The original medical abortion studies of mifepristone alone used higher doses of mifepristone, and most were restricted to gestation under seven weeks.  Under these original conditions, according to the Davenport article, embryo survival after mifepristone alone in the best and largest study from Finland was 11.5%.  When misoprostol was added and given orally as in the U.S. FDA trials by Spitz, published in the 1998 New England Journal of Medicine, embryo survival seven weeks and under was 1%.

Although the FDA protocol required the larger 600-mg mifepristone dose and confined use to under seven weeks' gestation, abortion enthusiasts expanded use of the two-drug mifepristone regimen to nine and later ten weeks of pregnancy.  Other modifications were made in the regimen – in particular, vaginal use of misoprostol to achieve a higher rate of complete abortions at later gestations and home use of misoprostol.

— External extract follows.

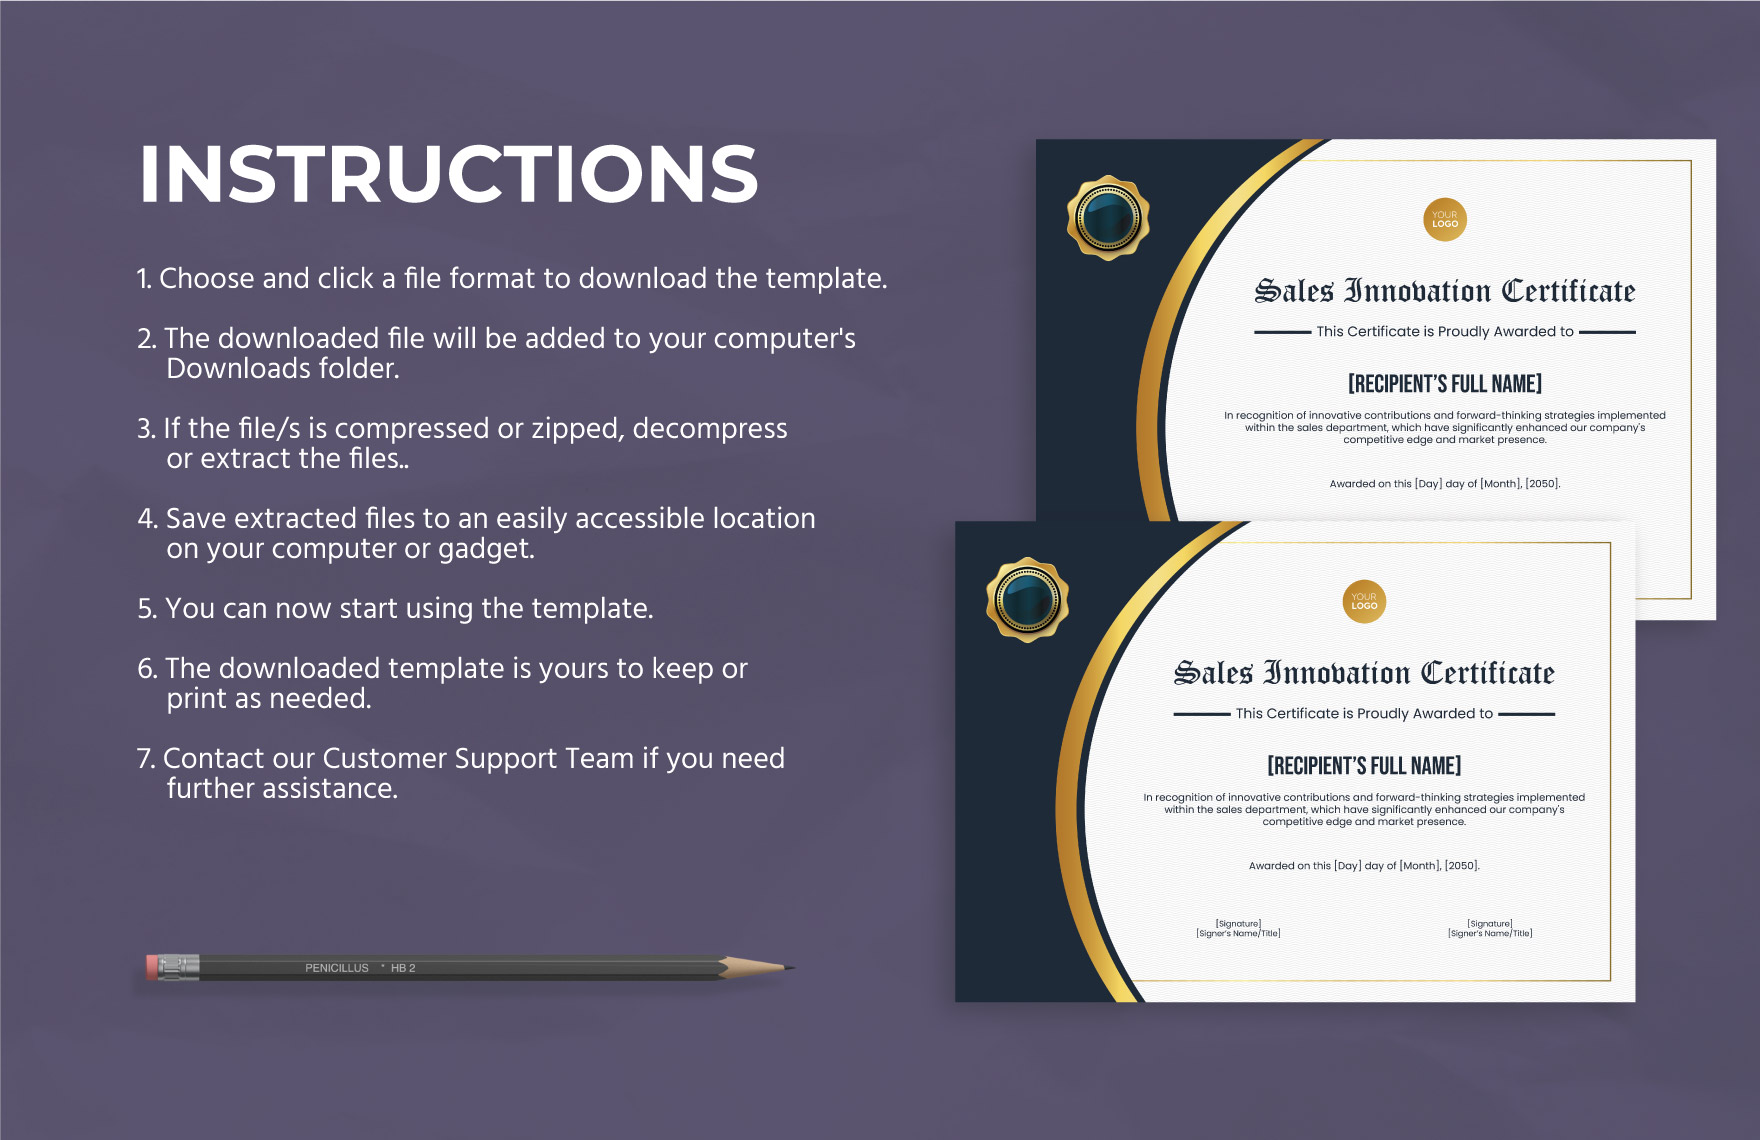 Sales Innovation Certificate Template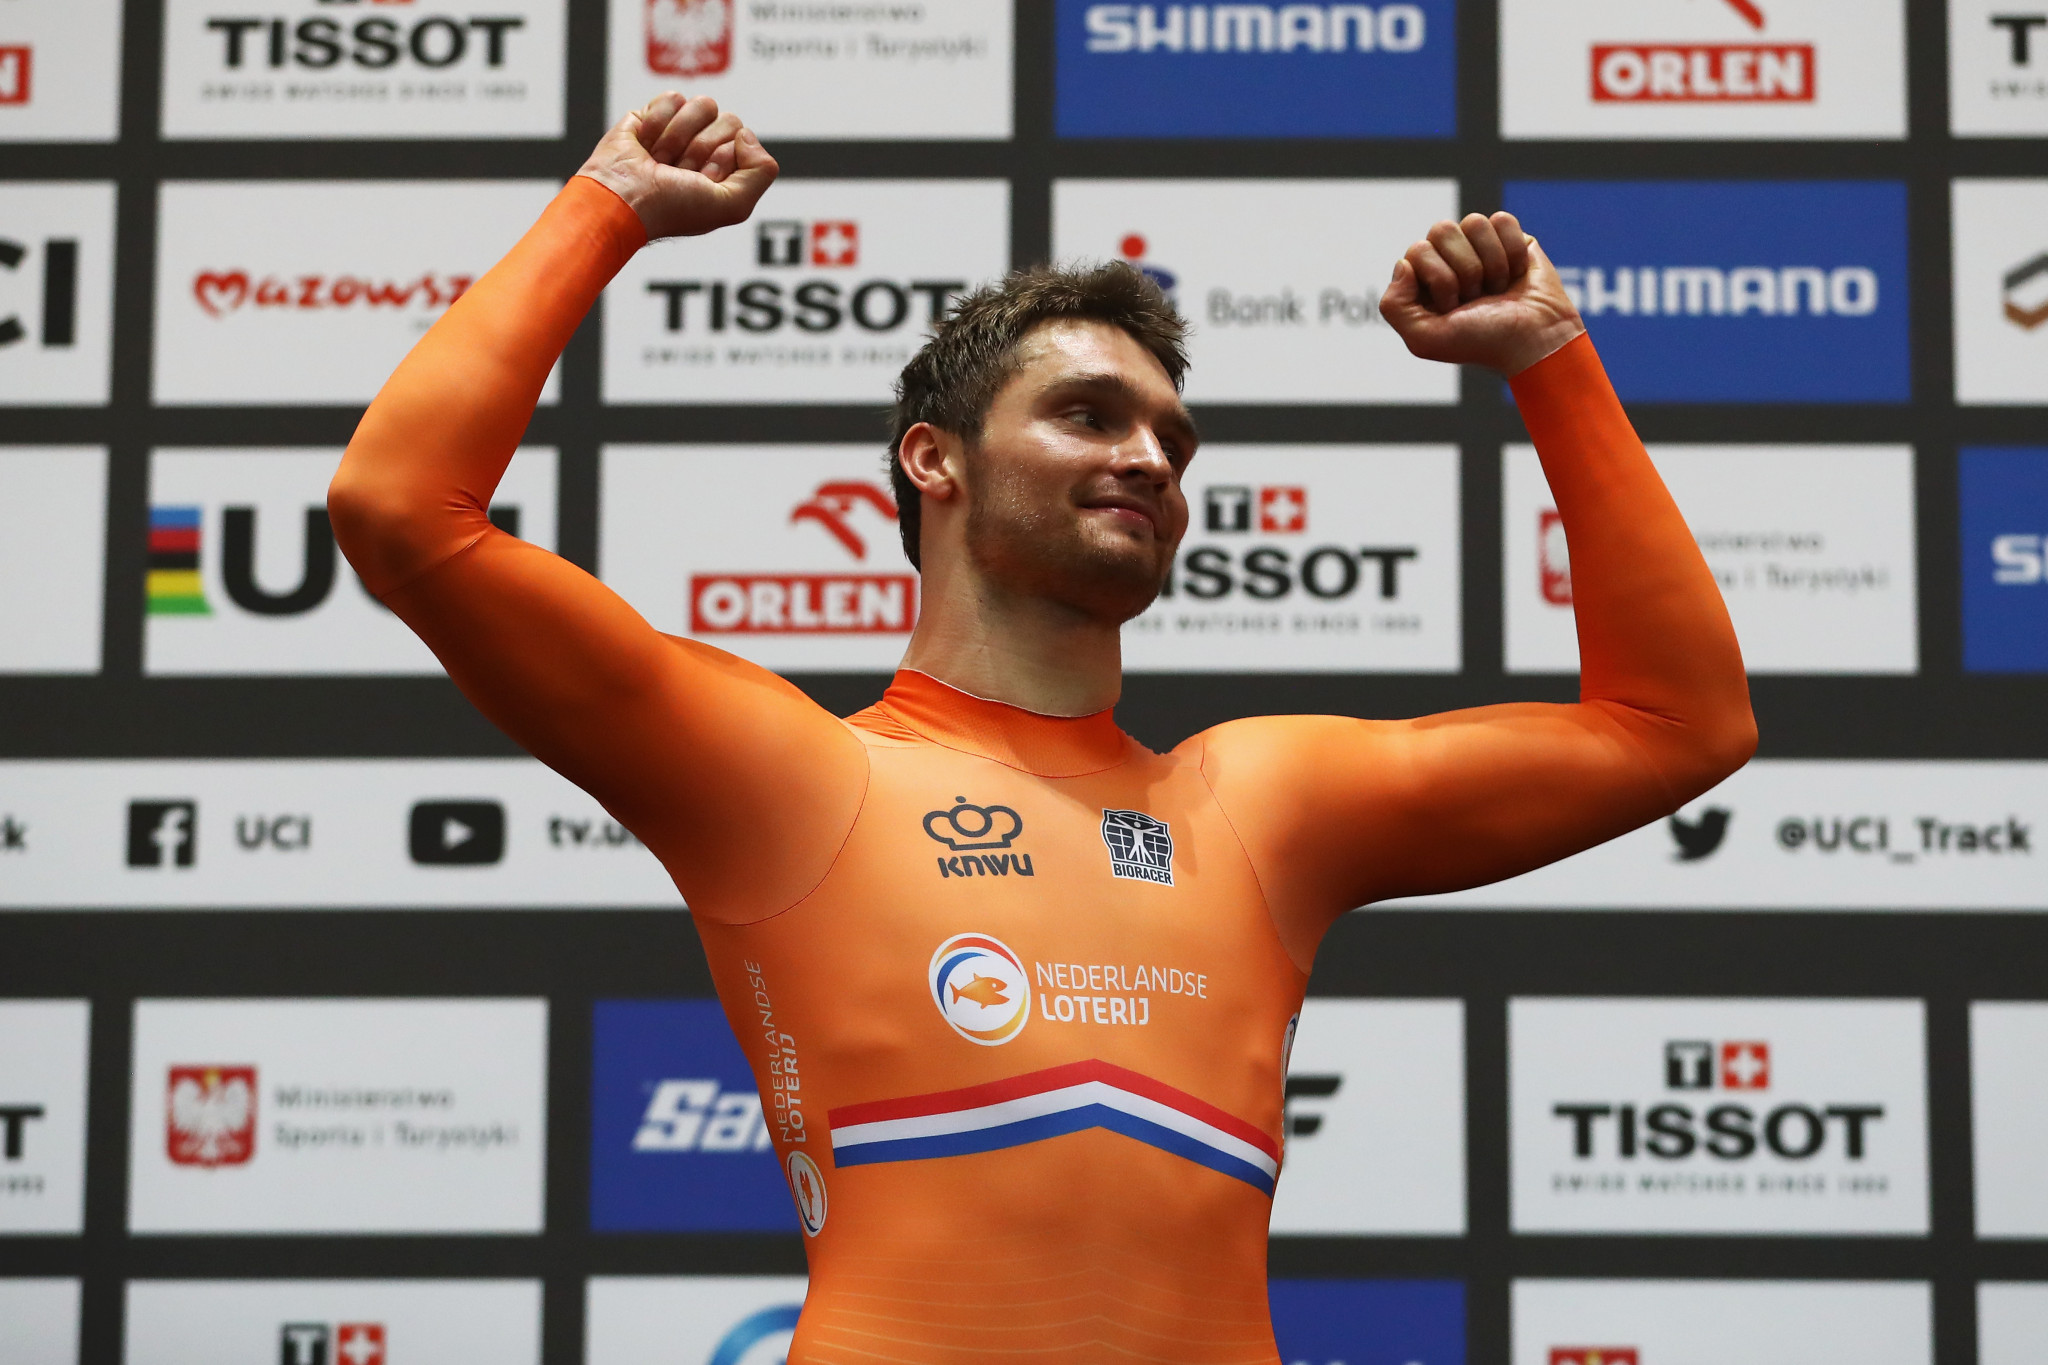 Matthijs Büchli won the men's keirin to claim his second title in Poland ©Getty Images

There has been a longstanding attempt to convert medical abortion to a do-it-yourself procedure.  However, in 2003-2004, not long after FDA approval of mifepristone in the U.S., four California women died from toxic shock from the bacterium Clostridium sordellii.  The victims were Holly Patterson, a northern California high school student; Chanelle Bryant, a young African-American woman from Los Angeles; Oriane Shevin, a lawyer; and Vivian Tran, a Vietnamese student teacher from Orange County who died suddenly on a trip with girlfriends to Las Vegas.  These deaths led to an investigation by medical authorities, including exhuming Ms. Tran's body to check for C. sordelli toxin.  Not long after these deaths, abortion researchers started to dose misoprostol buccally, holding it in the cheek, which produced a more acceptable percentage of complete abortions but apparently with less risk of toxic shock.

With current medical practice, almost 50% of early abortions under nine weeks use the abortion pill rather than surgery.  Now we know beyond a doubt that for vulnerable young women like Andrea who immediately regret beginning the abortion process, an effective, life-saving treatment is available in the form of a 24-hour hotline, staffed by nurses, linking them to more than 300 participating physicians.